Kaalia lives with his older brother Shamu, sister-in-law Shanti, and their little daughter Munni. He is intelligent but spends his time idly playing with the neighbour's kids. His older brother gets into an accident while at work at the mill and loses his arms. He loses his job and needs money for his treatment. Kaalia begs his brother's boss, Shahani Seth, for monetary help, but he refuses. Kaalia breaks into Shahani's safe to get the money, but it proves to be too late as Shamu dies. Shahani then throws Kaalia in jail for nine months, where he meets the men that teach him crime.
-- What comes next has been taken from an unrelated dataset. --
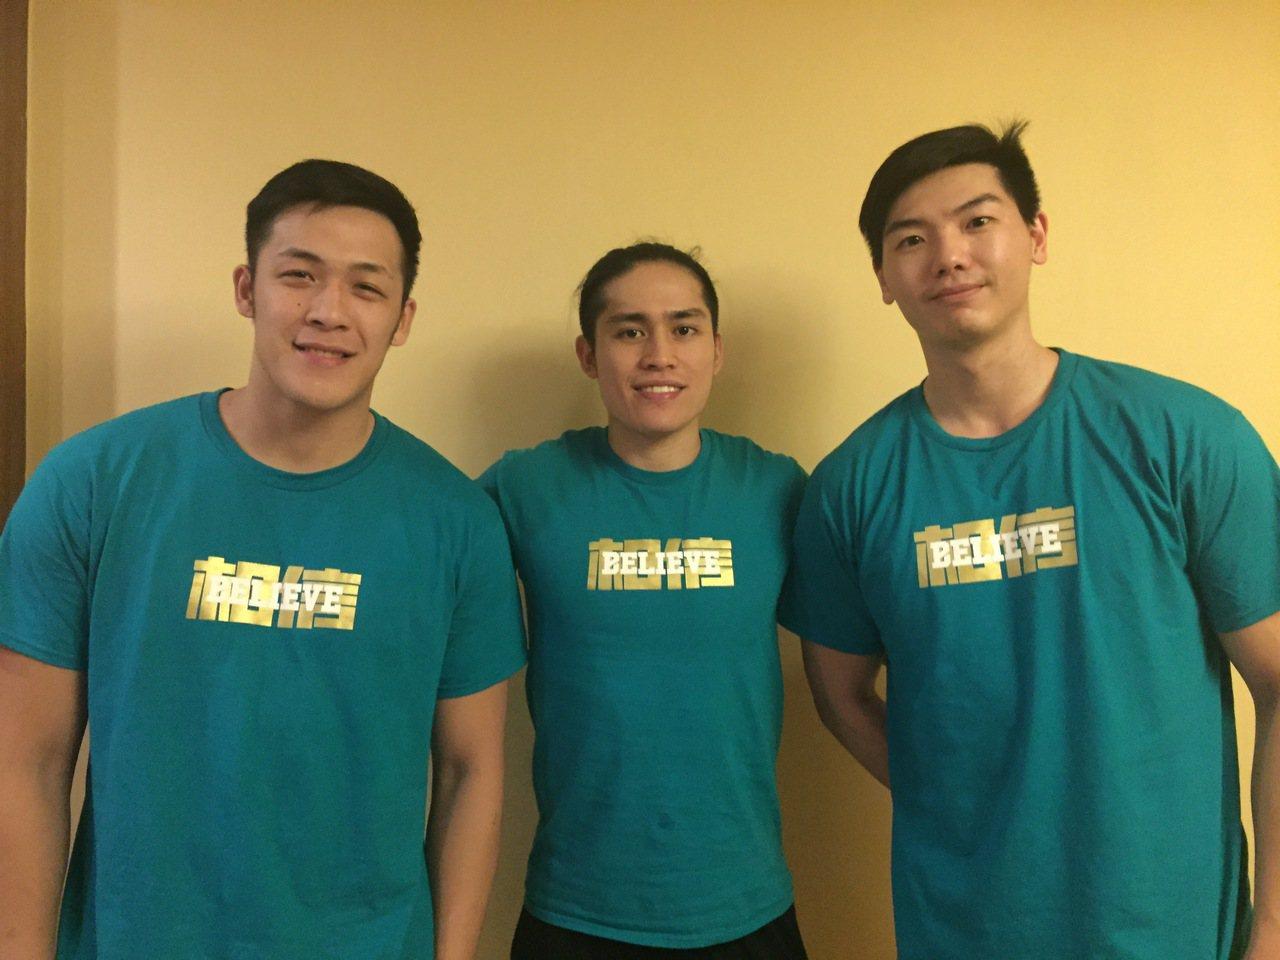 周儀翔(左起)、陳盈駿和胡瓏貿賽後一同換上「相信」T恤。圖/引爆運動訓練提供

After his release, Kaalia is a different, stronger man. He and his accomplices steal the gold that the boss had been smuggling at the mill. Then he burns down the mill as retribution for his brother's death. He goes to jail again, this time for two years. His accomplices lie to his sister-in-law by telling her that he is in America earning money for her and her daughter. They move from poverty to riches. In jail, Kaalia meets the jailor Raghvir Singh, a smart, ethical, strong man, whose daughter was kidnapped by one of the prisoners as a child. After Kaalia is released from prison, he is bent on seeking vengeance and eventually pairs up with a woman names Shalini.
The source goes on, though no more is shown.